Possibly considered would be a foot rest that hangs on the front edge of the fuel locker placing the feet about 8" inches above the cockpit sole, perhaps something that folds out... have to give it some thought... there is always another boat project.


Using the old Coleman cooler that came with the boat (doesn't hold ice well), a hold down system that was a little more robust than bungee (though I love bungee) was needed.  After some sketching, a hardwood retainer was decided upon with half circles on the two ends that would lock onto the stern railing.  My first thoughts were to use two strips to secure the locker and hence why I designed the rotating lock.  To make this lock, the filler piece would be cut on the center line to the railing and the outer (aft) piece set up to rotate on a single screw allowing easy locking and unlocking.  To keep the locking piece from rotating except when wanted to secure or unsecure the cooler,  a bungee was used (told you I loved bungee). 

The filler piece is made of oak and secured through the cooler back with four long screws thru 1/8 inch aluminum backer plates. 

Inside the cooler, there is just enough space for a three gal Honda fuel tank, a two gallon spare fuel can from Lowes Home Center and a Coleman fuel cannister as the locker will also be used for the propane locker.  Venting is done by using PVC pipe fittings.

The height is 28 inches, so two inches less than a bar stool. 

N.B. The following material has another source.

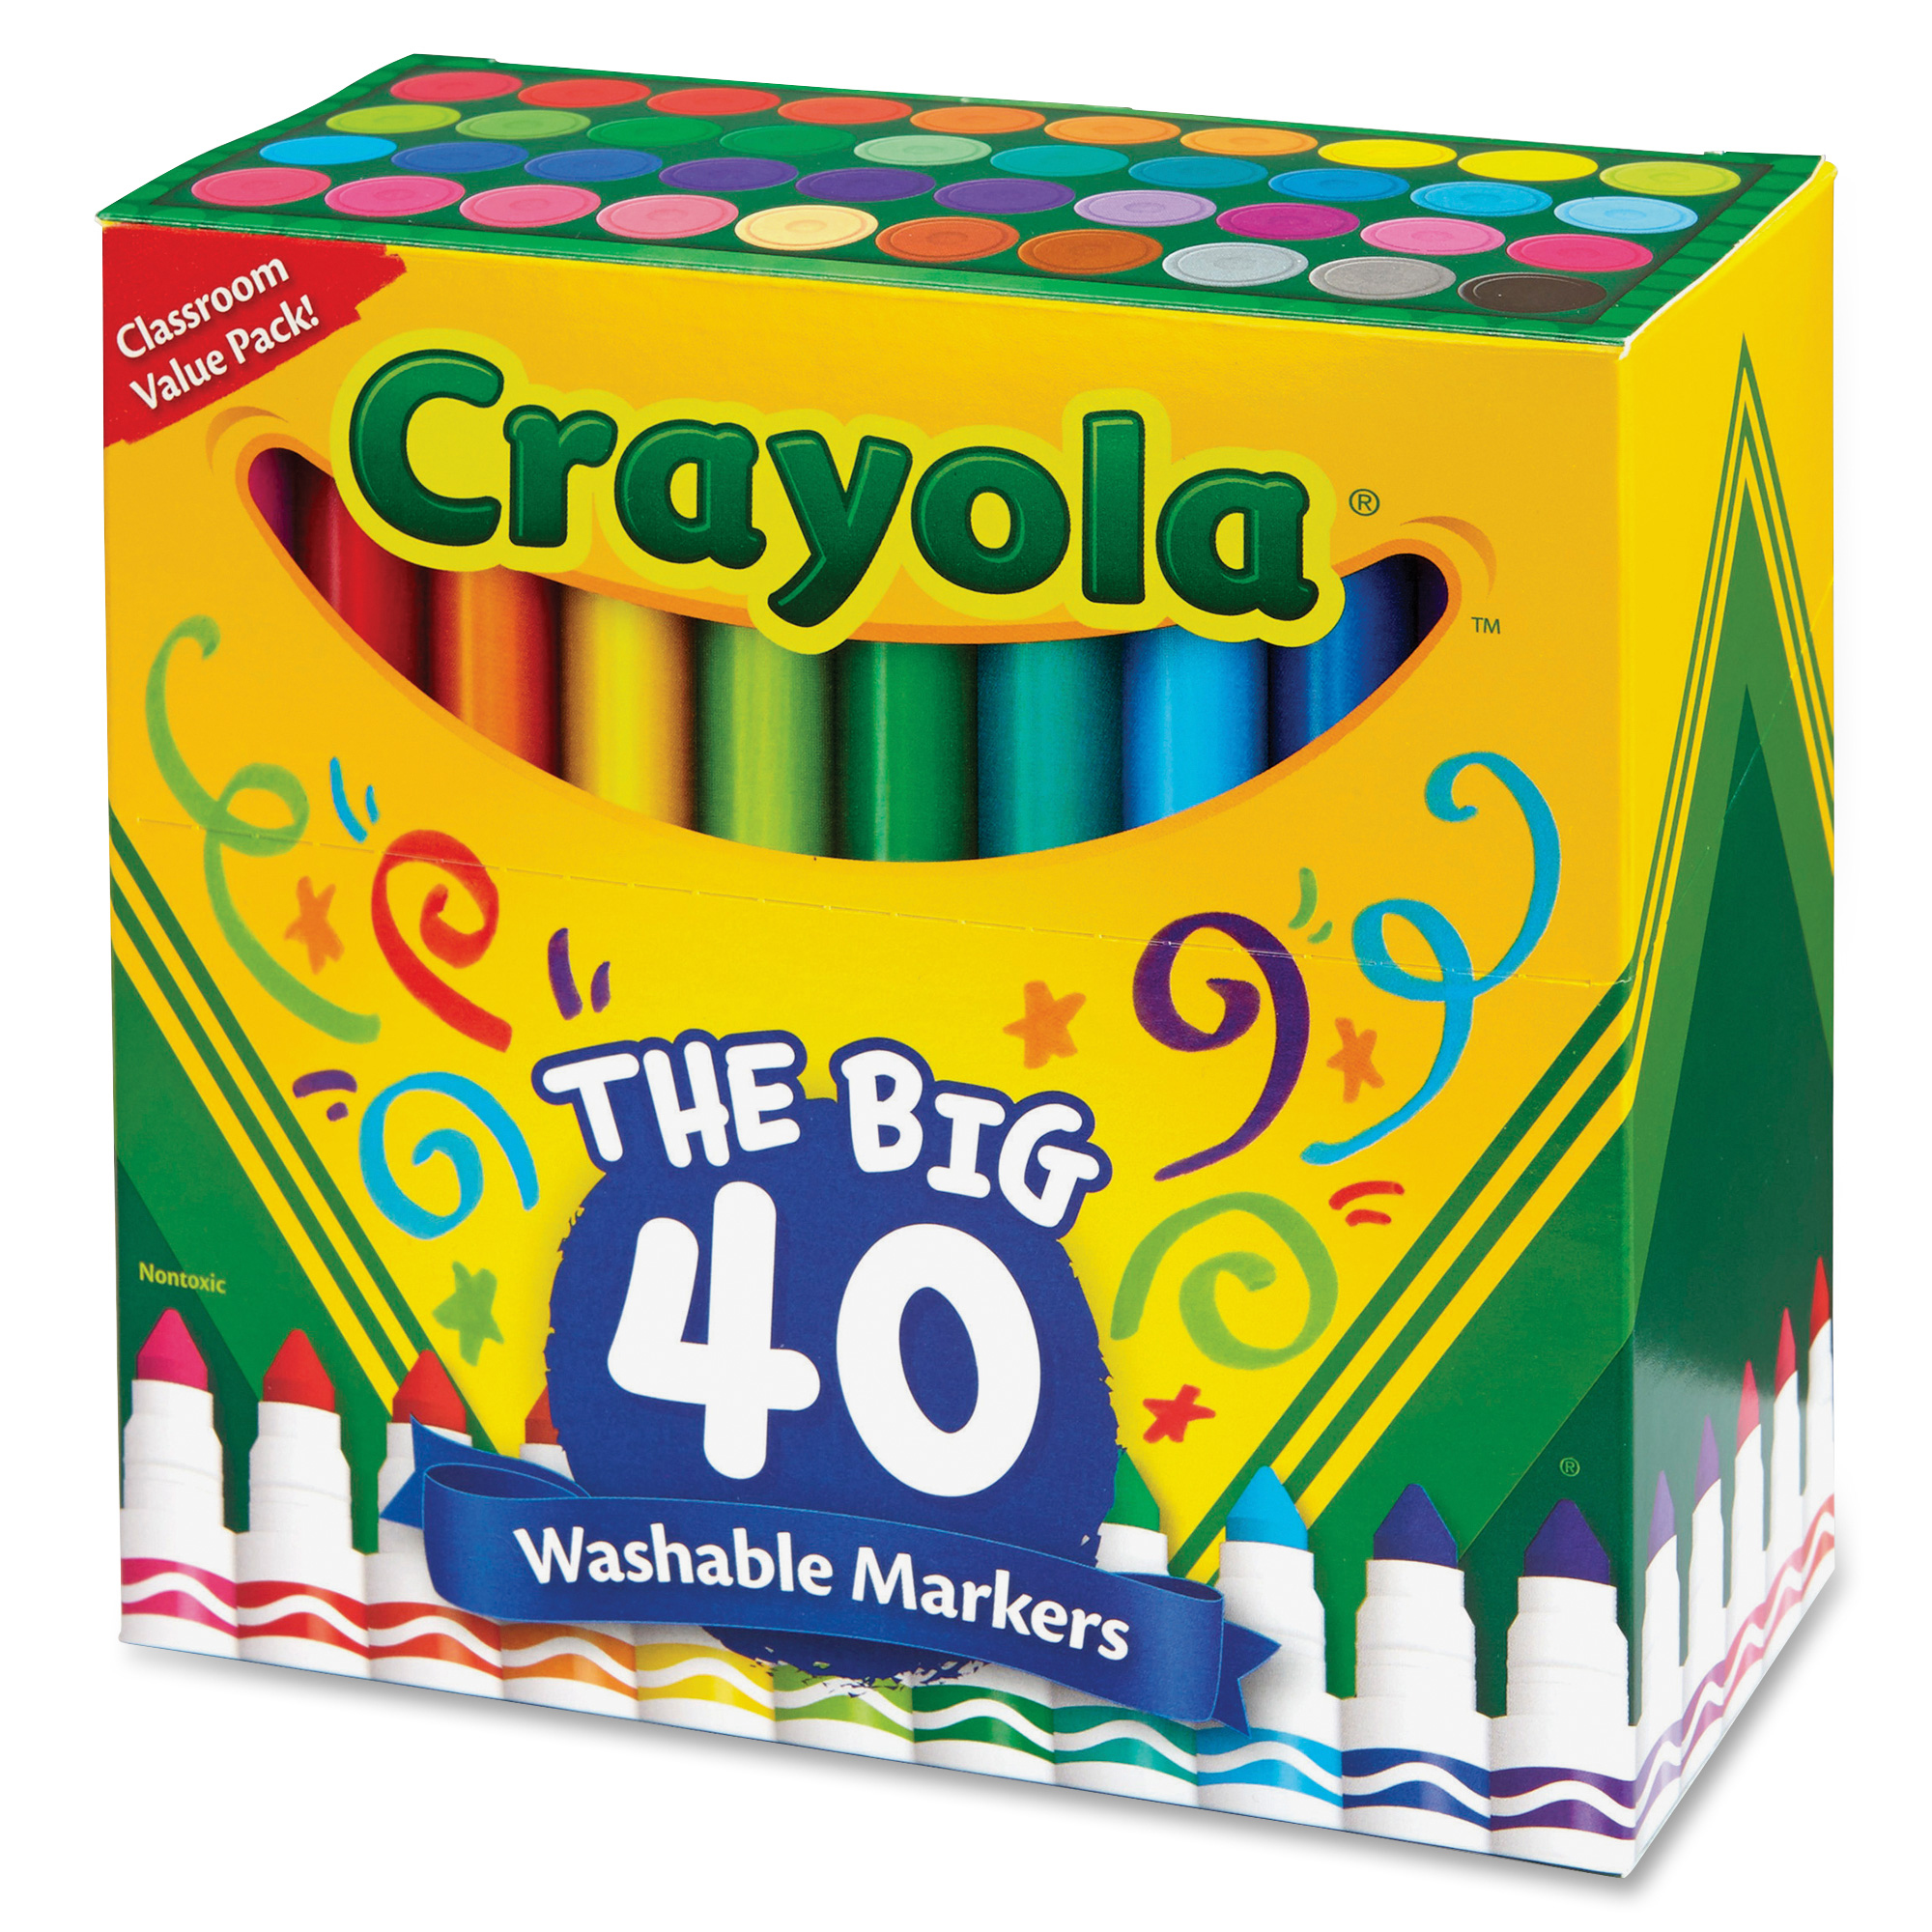 Crayola Original Thick Washable Markers - 3o5umhjs5

As I said, the first sketches provided for two retainer pieces but the swim ladder lock eliminates one above it which meant that the upper one would be no higher than the middle of the ice chest so I decided to try one.  The cooler locked well in position but was free to move up some and then if it rotated, it would be free.  This discovery changed my plans and the swivel lock was abandoned in the stead of simply twisting the ice chest to mount.  All that was left, was to hold it all down with a bungee.  I did so in a way that the bungee was integral to the oak retainer as I didn't want to hunt a bungee when securing the locker or deep six one.

My cooler had to be shifted a little to port to clear the motor when raised.  Using the hardwood retainer, it can be positioned off center to the stern rails without problem. 

Note: the screws seen in the edge aren't necessary to the final design (I made the original swivel piece fixed).  It should also be noted that the cooler lid hinges forward, necessary to avoid 2.5 inches of forward set to the cooler for the lid to clear the rails when opening if hinges are aft.


Construction is from an oak 1x 2.75 so a piece of oak flooring works fine.  Start with a piece a few inches longer than the distance between the stern rails so that the 1 inch holes can be drilled using a spade bit.  Take the length measurements carefully for the hole centers and remember to allow enough clearance for the swim ladder lock to rotate. Drill and then cut the length so that only one half of each hole remains. It may be necessary to saw a few degrees angle on the edge that fits to the ice chest to deal with its sloped sides.  Drill holes for bungee to route and for pegs to anchor the bungee.  Fit to the ice chest and secure with screws from the inside.  I used two 1/8" aluminum backer plates each holding two screws as the inside skin is quite thin.